Freshlook contact lenses are CIBA Vision / Alcon’s brand of coloured lenses. They offer a wide range of different shades that can be worn for up to 30 days. These lenses must be removed daily. Designed with innovative 3-in-1 technology, Freshlook lenses blend three different shades to improve the colour balance of lenses, offering wearers a striking way to shake up their look with hues ranging from gemstone green to brilliant blue. The Freshlook lens families cover a range of needs from the convenience of dailies to more cost-effective monthly lenses.


MyDay contact lenses are manufactured by CooperVision and are made with Smart Silicone technology, which helps oxygen reach the cornea quicker, maintaining both crystal clear vision and the health of your eyes without compromising on comfort. The MyDay family of lenses include daily and toric options.

How to Wear and Care For Contact Lenses

Whether you’re using daily disposables or reusable contact lenses, it’s easy to wear and care for your contact lenses when you know how.

When it comes to wearing contact lenses, you’re going to need know how to put them in and take them out without damaging either the lenses or your eyes. You also need to know how long you can wear your lenses and when to replace them to avoid eye infections.

Are contact lenses better than glasses?

How do I put in contact lenses?

If you’re unsure how to put in contact lenses, don’t worry. It’s quite straightforward. Just follow these steps - and remember to take care while doing so:

  1. 1. First things first, wash and dry your hands
  2. 2. Next, open the foil pack or plastic contact lens container
  3. 3. Use your index finger to gently lift the contact lens out of its packet
  4. 4. Check the lens for any tears or dirt and that it’s not inside out
  5. 5. With your other hand, lift your upper eyelid while also pulling your lower eyelid down (this will help you to not blink)
  6. 6. Now place the contact lens gently over your iris - the lens will go into place by itself, so you don’t need to touch your eye
  7. 7. Look up and down, then blink a couple of times - your contact lens should now be settled in place
  8. 8. Repeat for your other eye

How do I remove contact lenses?

Now you’ve mastered putting them in, you better know how to remove your contact lenses too. Here’s how to take them out:

  1. 1. Once again, wash and dry your hands
  2. 2. Look into your mirror and tilt your head forward a little bit
  3. 3. Grip your upper lid and gently pull upwards while also pulling your lower eyelid down
  4. 4. Use your index finger, move the lens to the white of your eye pinch it and remove
  5. 5. Repeat for the other eye

Don’t worry if it takes a couple of tries to get right at first. Before you know it, you’ll be a pro.
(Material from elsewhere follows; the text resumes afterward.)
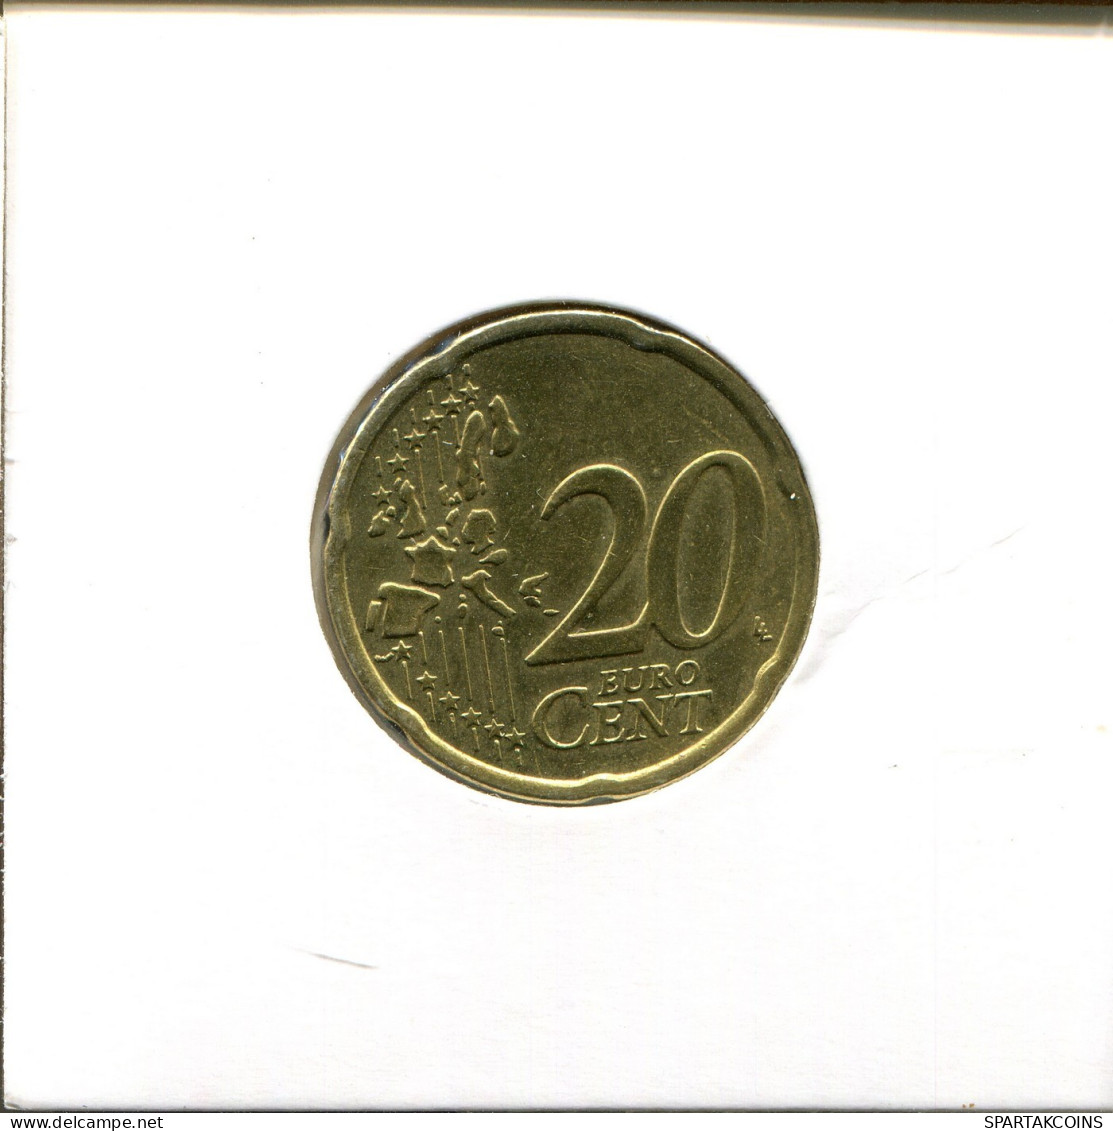 20 EURO CENTS 2001 FINLAND Coin #EU086.U.A - Finland

How many hours a day can you wear contact lenses?

Most people can wear their contact lenses comfortably and safely so long as they stick to the wearing schedule recommended by their optician.

If you have dry or sensitive eyes, or your contacts start to scratch, you should try to remove them sooner rather than later to let your eyes rest.

Sleeping with your contact lenses in your eyes can increase the risk of infection and even if you wear extended wear lenses you should still try to remove and clean them once a week.

Replacement schedule

Even with the proper care, your contact lenses should eventually be replaced to minimise the risk of infection.